Well, it’s one week until D-day (or I guess I should say “C-day”), and it’s JoeKim’s birthday. So, I got him the gift that keeps on giving.
I figure I’ll be out of commission for 6 weeks at least, and even then, I can’t imagine that I will be in the mood for romance (or any seamier derivation thereof) with 3 hours of sleep a night. So, I’m going to help him help his own cause. I mean, I pass 3 adult bookstores on my way to the el every evening, so I should put their convenience to good use. A co-worker came with me, ostensibly because she felt that I shouldn’t go alone, but she confided in me that actually she just wanted to go and would never have the chutzpah to go on her own, and when I told her I was going, just wanted to see what it was like. We picked the most well lit of the three, with cheery “Happy Halloween” decorations on the door. Like people might go trick or treating there or something. It was fairly innocuous, the only skeevy part being the booths in the back where you have to buy tokens to get in. Al the preview booths were full for the entire time we were there. “Just don’t touch anything.” I told my colleague. But, the saleswoman was very nice and helpful, and went so far as to tell me about the adult video sale in progress. And they say that customer service is dying.
It was pretty fun to waddle into an adult bookstore with my giant belly.
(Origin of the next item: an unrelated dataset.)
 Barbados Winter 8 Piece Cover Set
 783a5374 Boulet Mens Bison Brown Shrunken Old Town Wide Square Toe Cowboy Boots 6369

Somehow I feel like I kind of have immunity, like people give me the benefit of the doubt. “Look at that pervert going into the adult bookstore — oh, wait, she’s pregnant. She must not be a pervert.” I don’t know why I feel like that, or if people really think that way, but that’s what happens in my mind. And it was also funny to me to go to the hippie mom store and buy more earth mother cloth diapers and know that I was putting them next to “Jenna Loves Brianna” in my bag. I had a nice secret smile about that one.
This is probably also the best day to recount all the great things that Joe does. How he sings and talks to the baby all the time, how he compliments me profusely every day and thanks me for being a good mom, how he never gets annoyed when I complain for the umpteenth time about not having a beer for 9 months, how he makes me breakfast (and sometimes dinner) in bed, how he pays attention to how tired I am and takes over whatever I’m doing so that I can go lie down, how he’s reading The Essential C-Section Guide on the el every morning and night. And how I really realized during the version, when I was about to pass out because my blood pressure was so low, and he came in the room, how wonderful and nice it is to have someone you can look at when you’re about to pass out, and know that you can trust them to make it better. It was really scary at first to know I would depend on Joe so much for things because of pregnancy and a baby. Now, it’s just a realy comforting feeling, which is a nice change.
So, happy birthday, JoeKim. Enjoy the porn.